1. Begin by activating the yeast. Add warm water (not boiling,


as this can kill the yeast, and not cold either) to a small glass
along with active dry yeast and sugar. Mix everything and leave to
bloom for around 10 minutes, or until the mixture turns frothy and
has bubbles on top.
2. Heat the milk. Put the milk on to heat. This should only take
a minute to get to the correct temperature. You don’t want it
boiling, simply heated warm.
3. Begin to make the dough. Add 400g plain flour and salt to a
very large mixing bowl and mix together well. Add the activated
yeast mixture along with the milk and natural yoghurt. Use a
spatula to mix everything together at first as it may be too warm to
handle, then begin to use your hands. The dough will be
extremely sticky, but don’t worry. Instead of kneading with your
knuckles simply pick the dough up and then ‘slap’ it back down
again. You can do this with a dough scraper too if you prefer.
Repeat until the dough becomes a smooth consistency, about 3-5
minutes. It will still be sticky and have the consistency of wet
porridge, but do not be tempted to add more flour - this is how
it's supposed to be.
4. After 3-5 minutes of kneading, drizzle oil over the dough and
gently massage it in until it's all been incorporated and the dough
begins to get sticky again, around 1-2 minutes. The dough won’t
form a ball but don’t worry.
5. Grease a large bowl with oil and place the dough inside.
Cover it with clingfilm and place somewhere warm to rise. I put it
in-front of a portable heater. The dough is ready when it’s doubled
in size. For me this took 2 hours, but it can take up to 5 hours
depending on the surrounding temperature.
6. After the dough has risen, empty it into a mixing bowl and
knead the extra 40g flour into the dough until incorporated. Next,
grease your hands with oil and separate the dough into 8 equal
sized pieces.
7. To roll out the naan, take one of the 8 pieces of dough and
shape it into a rough ball. Sprinkle flour on the top and bottom and
gently begin to roll it out to an oval shape. The dough will be very
pliable and easy to stretch. Use a little more flour if the dough
sticks but be careful not to use too much. Don’t roll it too big at
this stage – it stretches slightly from your hands later and you
don’t want it to break.
8. To cook the naan, begin to preheat your tawa. Put it on your
largest ring over high heat – not quite the highest, but high. Let it
heat for around 2 minutes. When the tawa is hot, prepare a bowl
of cold water next to your work station. Gently dust off excess
flour from the naan and lay it across your hand. Spread cold water
all over one side and carefully lay this side directly onto the tawa.

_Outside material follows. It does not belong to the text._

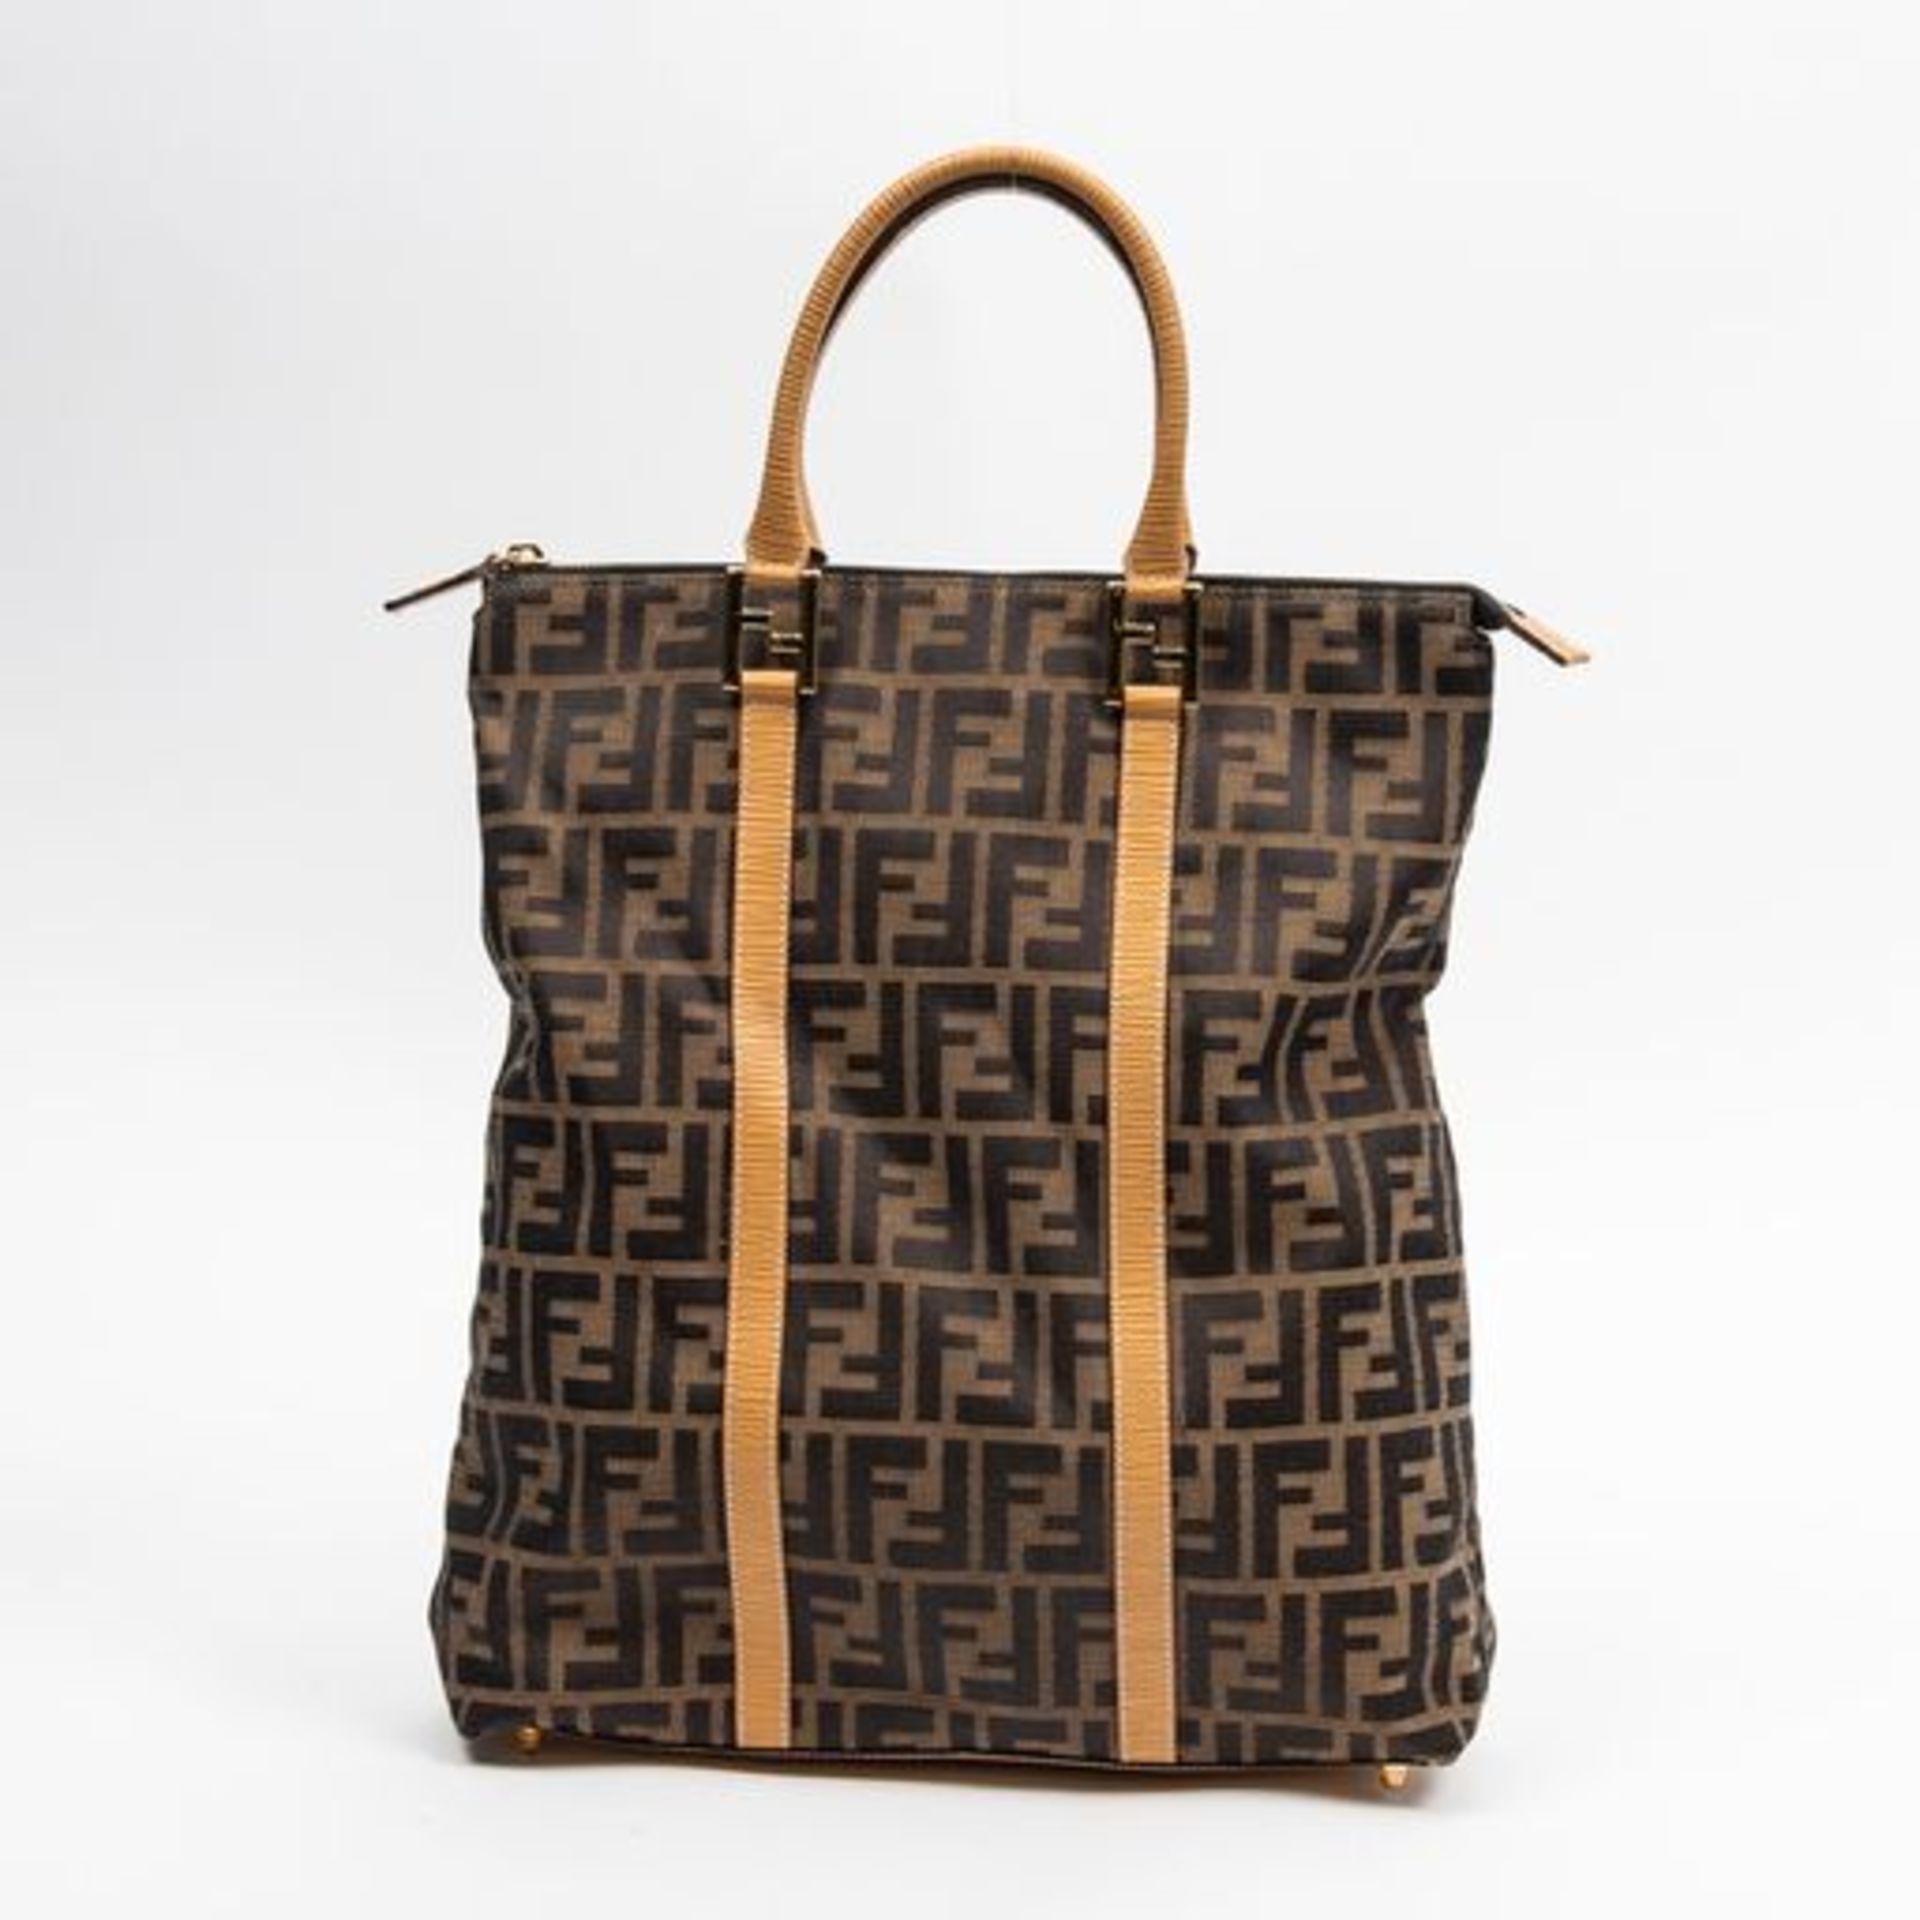 RRP £945 Fendi Tall Zip Tote Handbag Brown/Tan - AAR9934 - Grade A - (Bags Are Not On Site, Please

The naan can stretch while doing this so be careful not to tear the
dough. A naan cushion will make this process easier.
9. Once on the tawa, cook for around 30 seconds, and then
increase the flame to the highest. Turn the tawa upside down and
roast it over the naked flame. This is still possible without a gas
hob, but you will have the best results over a flame*. The naan will
begin to produce ‘bubbles’. To achieve even charring, move the
tawa in circular motions. Once you have cooked it enough, use a
spatula to carefully pry the naan from the tawa. Repeat with the
remaining naan.
10. Finally, to make the garlic butter, simply heat butter or
ghee in a small vati, tadka pan, or saucepan and add finely
minced garlic. Cook on low heat until it becomes aromatic and
then add plenty of finely chopped coriander. Spread this over
each naan to infuse with a lovely flavour.